● What is needed
Only an exact repeat of the listing, without its images, counts as the answer.

● Supplied information
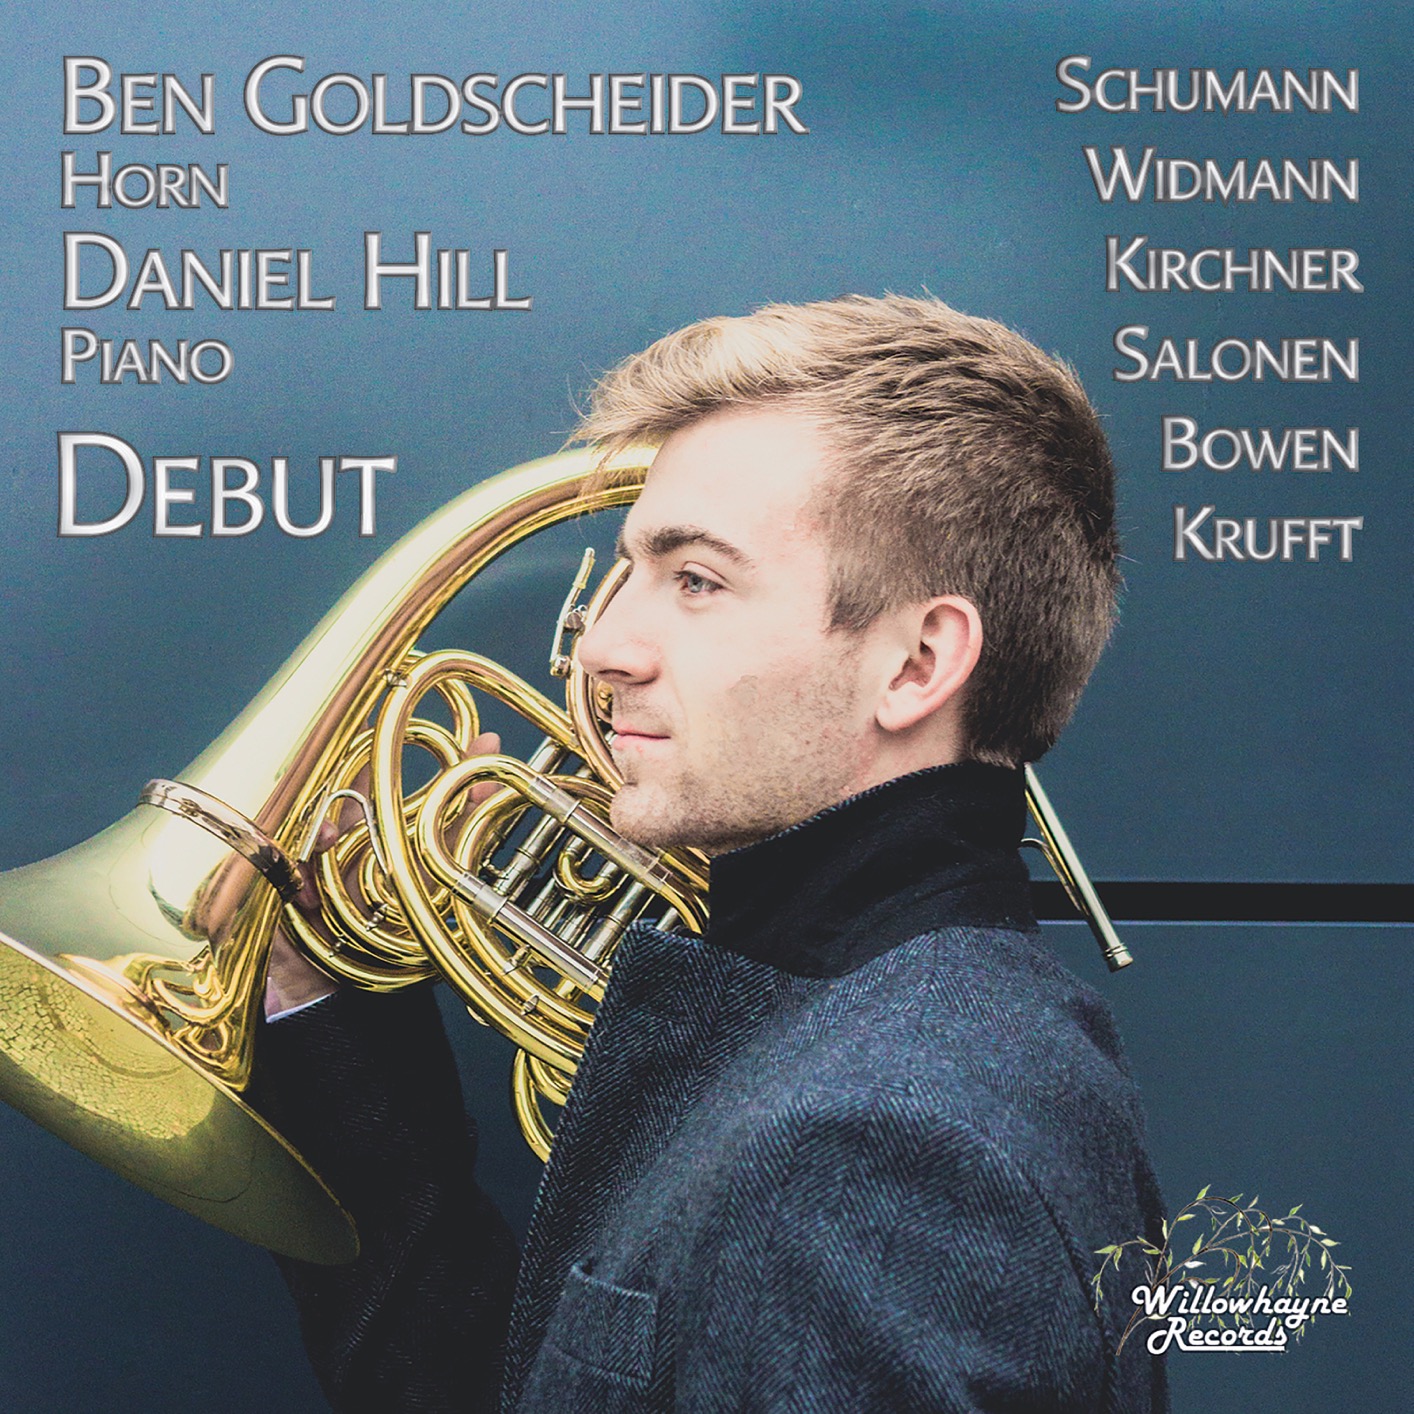 Ben Goldscheider & Daniel Hill - Debut (2018) [FLAC 24bit/192kHz]
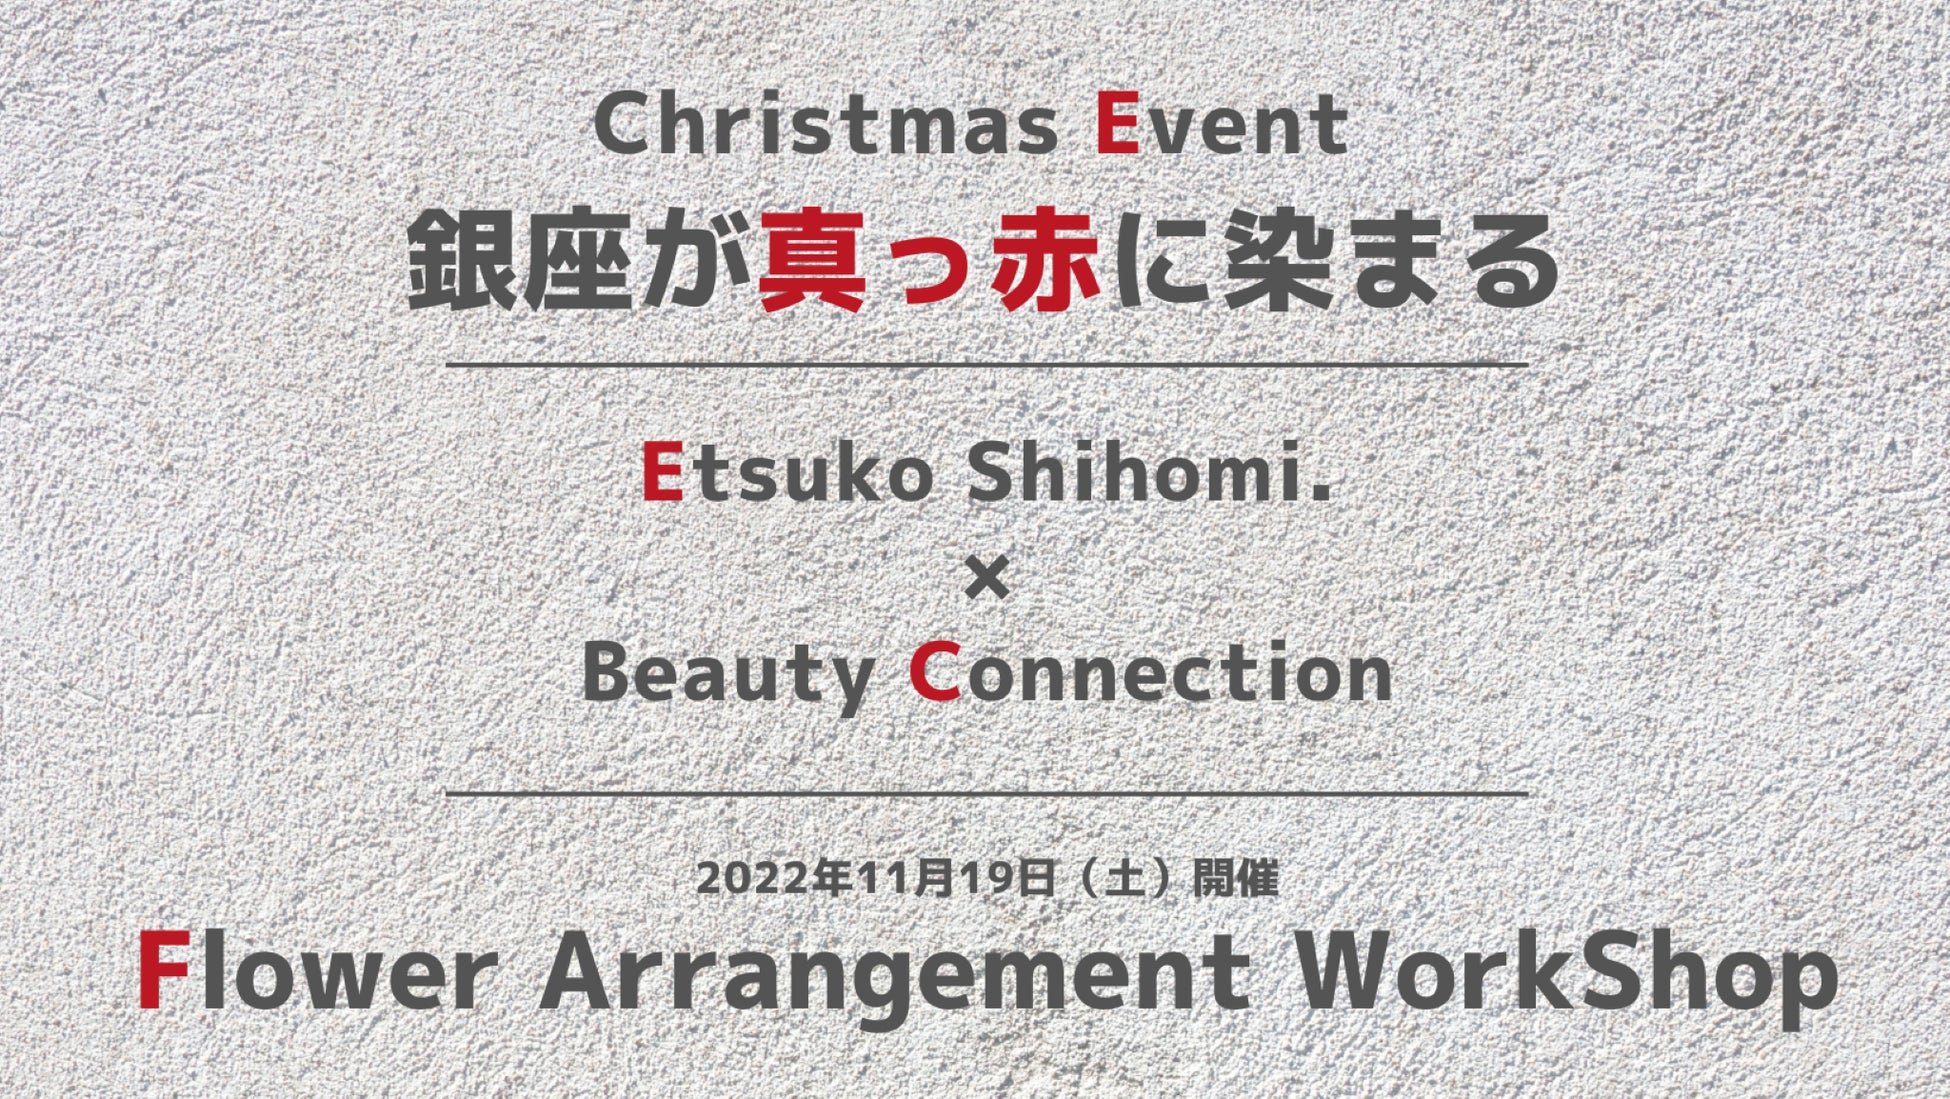 「花創作家の志穂美悦子さん×Beauty Connection」2022年11月19日。その日、クリスマスの準備でにぎわう銀座が、真っ赤に染まる
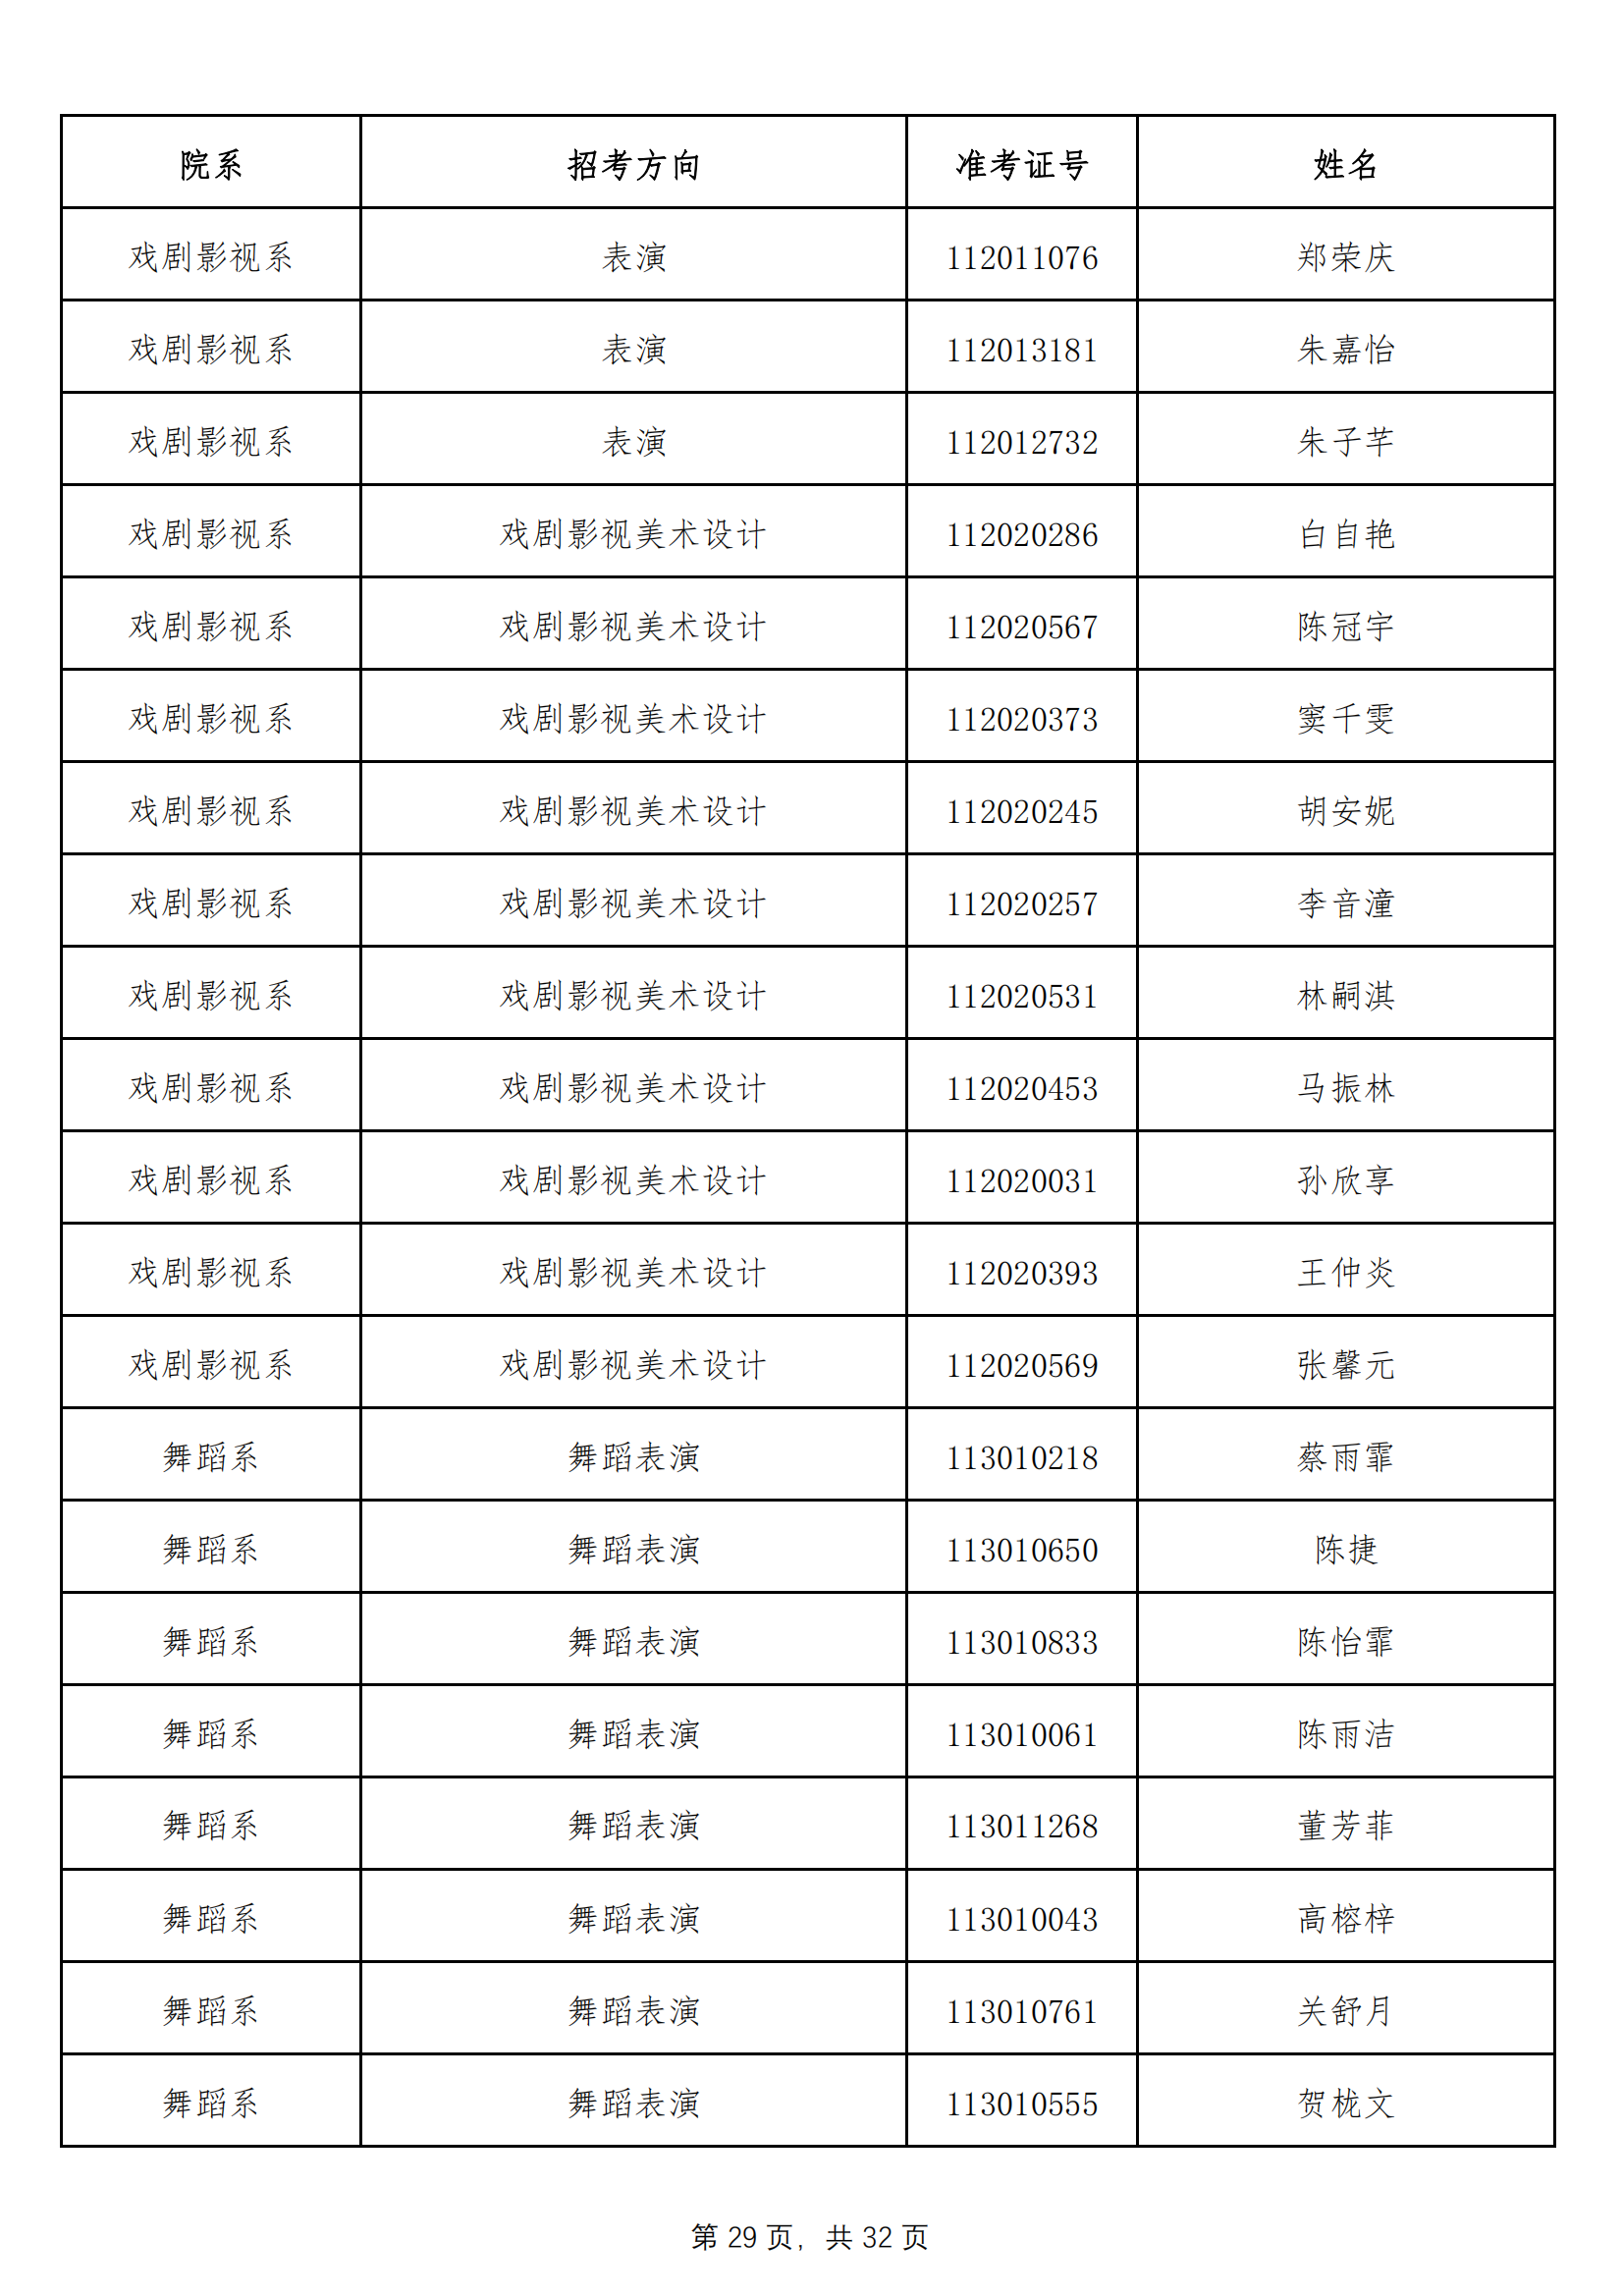 天津音乐学院2022年本科招生拟录取名单 （除上海考生外）_28.png

● Your response
 Ben Goldscheider & Daniel Hill - Debut (2018) [FLAC 24bit/192kHz]
 「花創作家の志穂美悦子さん×Beauty Connection」2022年11月19日。その日、クリスマスの準備でにぎわう銀座が、真っ赤に染まる
 天津音乐学院2022年本科招生拟录取名单 （除上海考生外）_28.png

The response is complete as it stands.